New Defender's Study Bible Notes

5:1 Belshazzar. Belshazzar (meaning “Bel protect the king”) was long believed by skeptics to have been a non-existent mythical personage; this contention was used by critics as proof that the book of Daniel was written much later than Biblical scholars have surmised. Historians and archaeologists later proved, however, that Belshazzar did exist and was actually co-regent in Babylon at the time of the Persian conquest. Nebuchadnezzar was his “father” (Daniel 5:2) in the ancestral sense. His actual father Nabonidus, who was either a son or son-in-law of Nebuchadnezzar, was king at the time, but he was away in Arabia on an archaeological reconstruction project.
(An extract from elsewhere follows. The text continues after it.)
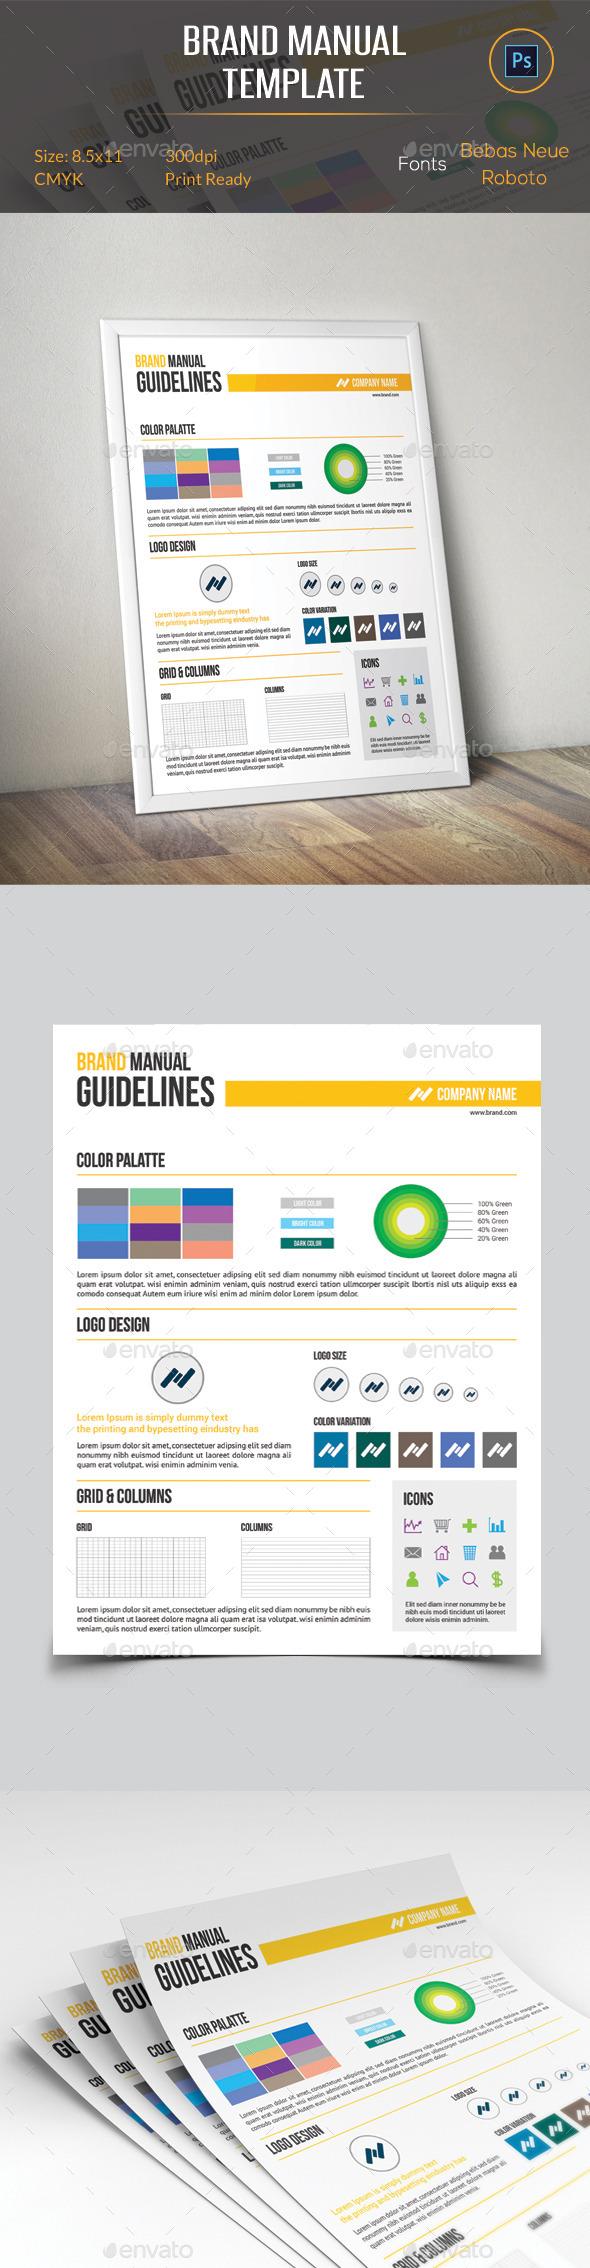 GraphicRiver Brand Manual Template 11373819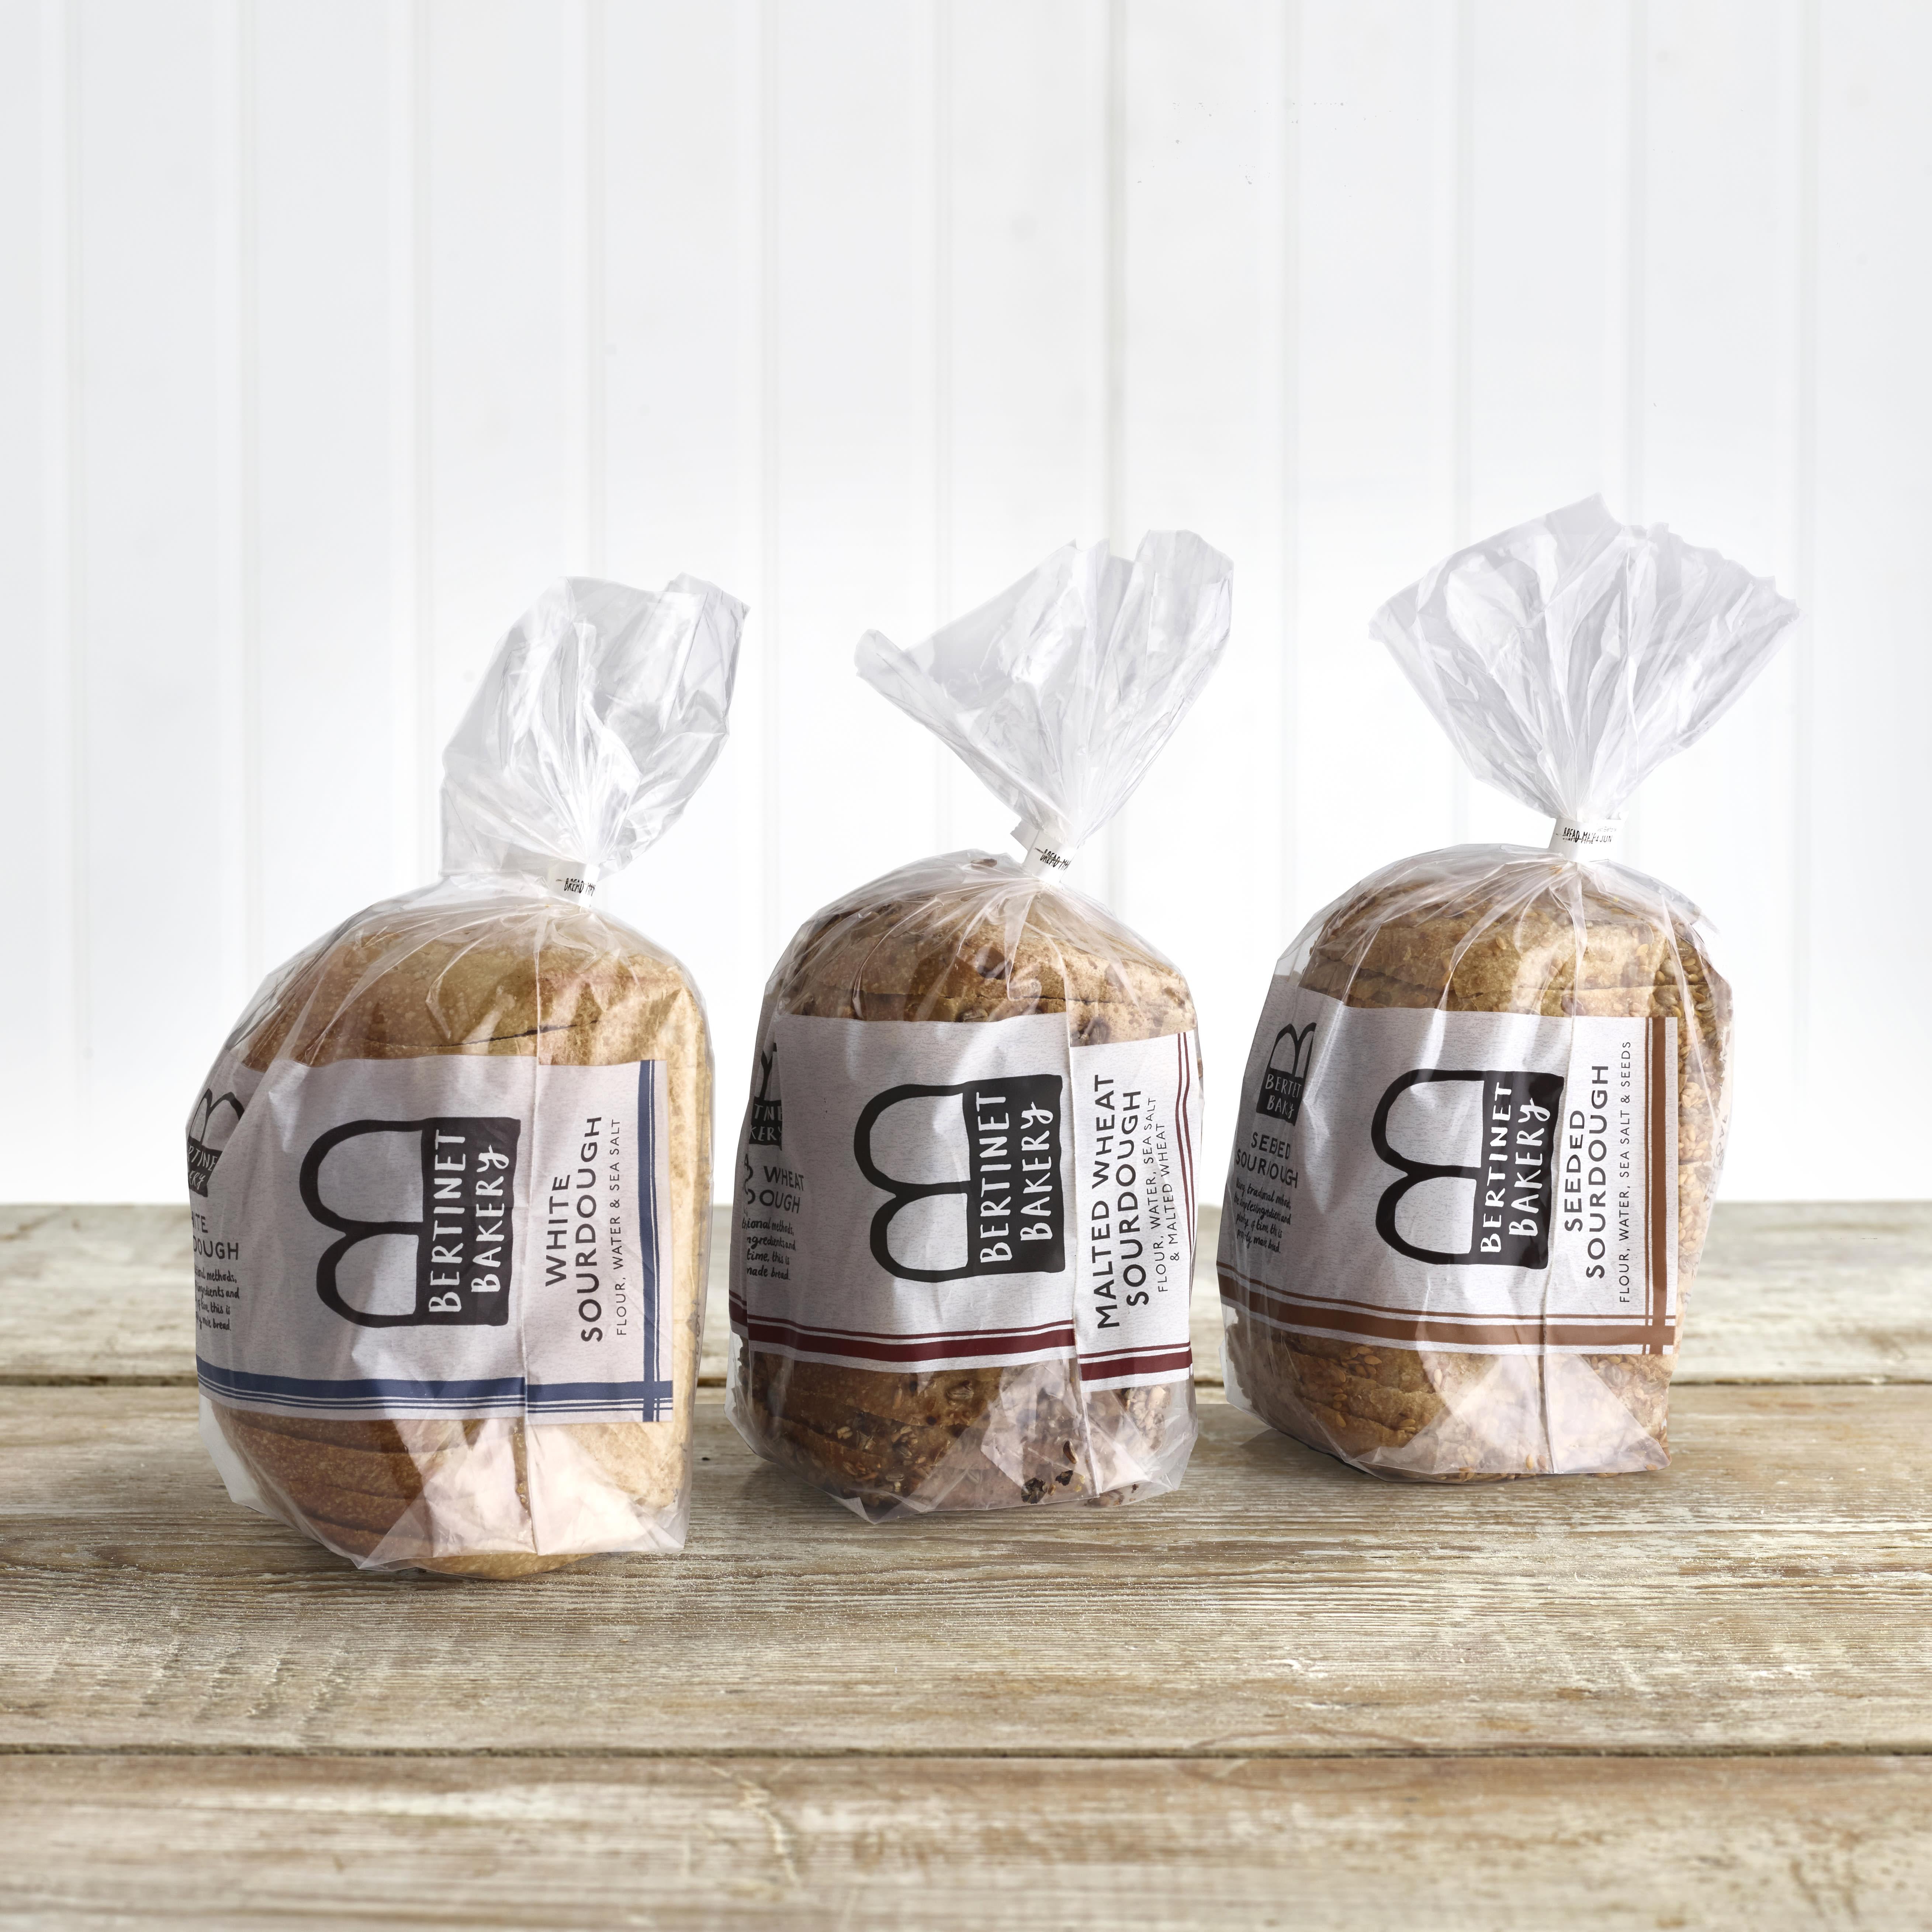 Bertinet Bakery Malted Wheat Sourdough, 500g

The Medo-Persian army was outside of Babylon and possibly had either captured Nabonidus or at least had cut him off from returning to the city. Belshazzar, ruling in his place, and knowing of the threat to the city but feeling secure behind its great walls, had the effrontery to make a great feast and drink wine in praise to Babylon’s many nature gods.


5:4 drank wine. Belshazzar, who certainly must have heard of his grandfather’s humiliation and possible conversion to the God of Israel, used the temple vessels from “the house of God” (Daniel 5:3) in what must have been a drunken orgy. As a result of this final and greatest blasphemy of Belshazzar, God could no longer endure Babylonian insolence.